Background: In most eukaryotic cells, there is a relationship between cell size and proliferative capacity. For example, in order to commit to cell division, the yeast Saccharomyces cerevisiae must attain a "critical cell size." This mechanism coordinates growth with cell division to maintain cell size homeostasis. Because very few cell size control genes are known, the genetic pathways responsible for cell size homeostasis remain obscure. Furthermore, elucidation of the mechanism of cell size homeostasis has been recalcitrant to genetic analysis primarily due to the difficulty in cloning cell size control genes.

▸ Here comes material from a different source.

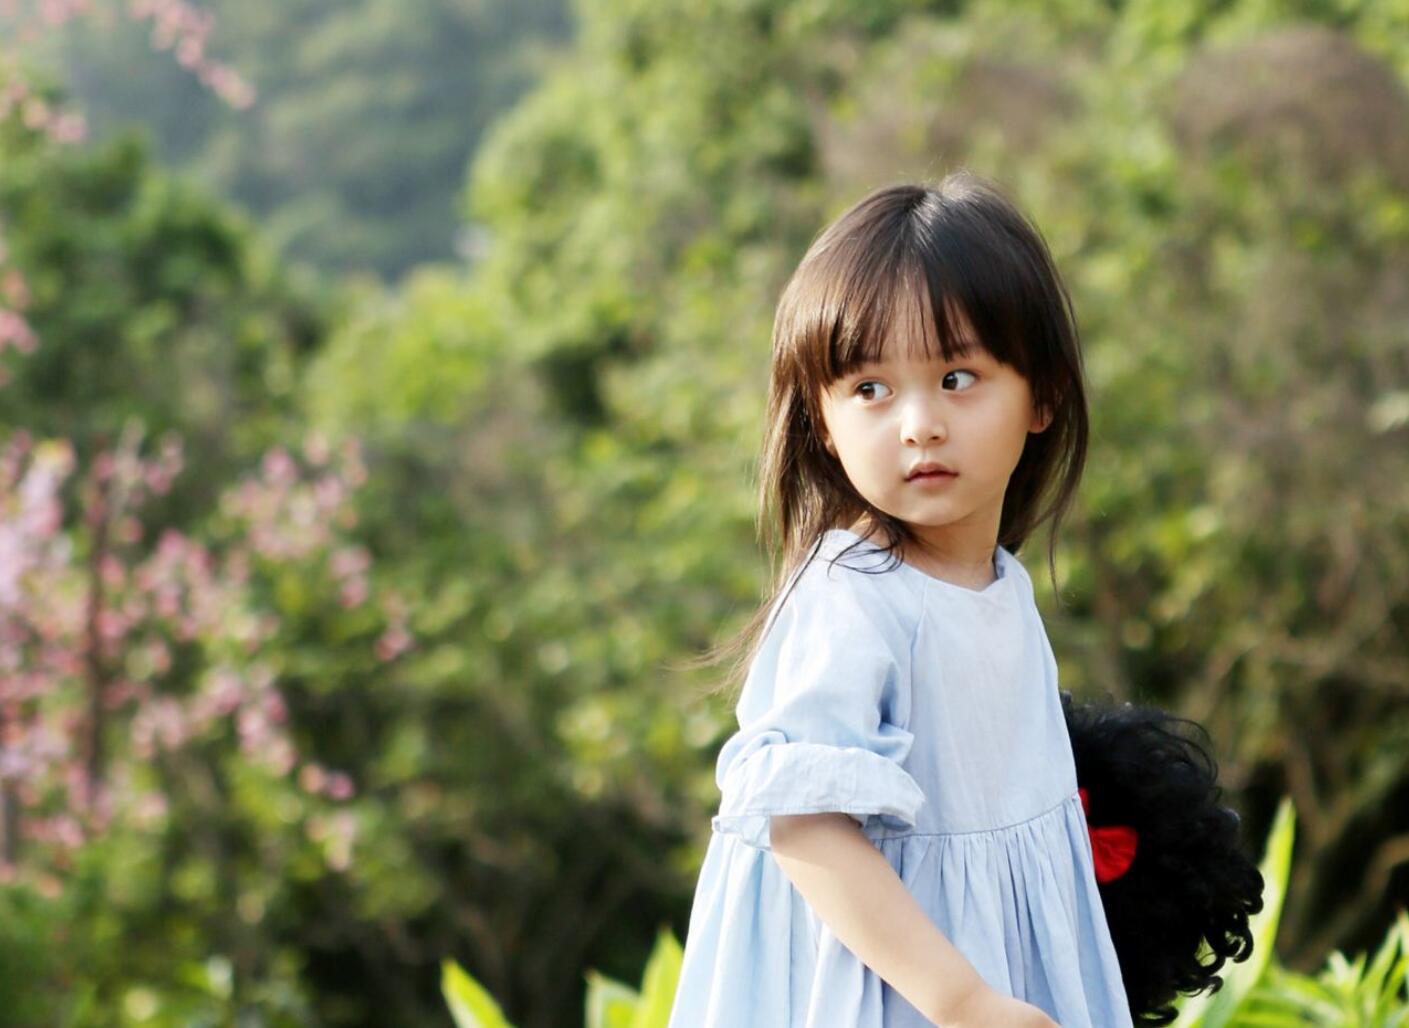 她曾出演TF的mv,与王一博牵手跳舞,今11岁就已演多部热剧

Results: To identify new size control genes, the effect of 5958 single gene deletions (4792 homozygous and 1166 heterozygous gene deletions) on cell size in yeast grown to saturation was systematically determined. From these data, 49 genes were identified that dramatically altered cell size. Of these, 34 are involved in transcription, signal transduction, or cell cycle control; 88% of these genes have putative human homologs. Sixteen genes regulate cell size in a dosage-dependent manner, and the majority of mutants identified fail to correctly exit the cell cycle. Many of these genes are components of Ccr4-Not transcriptional complexes or function in the PKC-MAP kinase pathway. These genes may modulate cell size by altering the expression or activity of G1-phase cyclins.
Conclusions: These results illustrate how systematic genetic screens can be used to dissect intricate biological processes that are refractory to classic genetic approaches. This genomic-wide genetic screen yielded 46 new cell size mutants and systematically assessed the effect of 5958 single gene deletions on cell size as cells exited the cell cycle.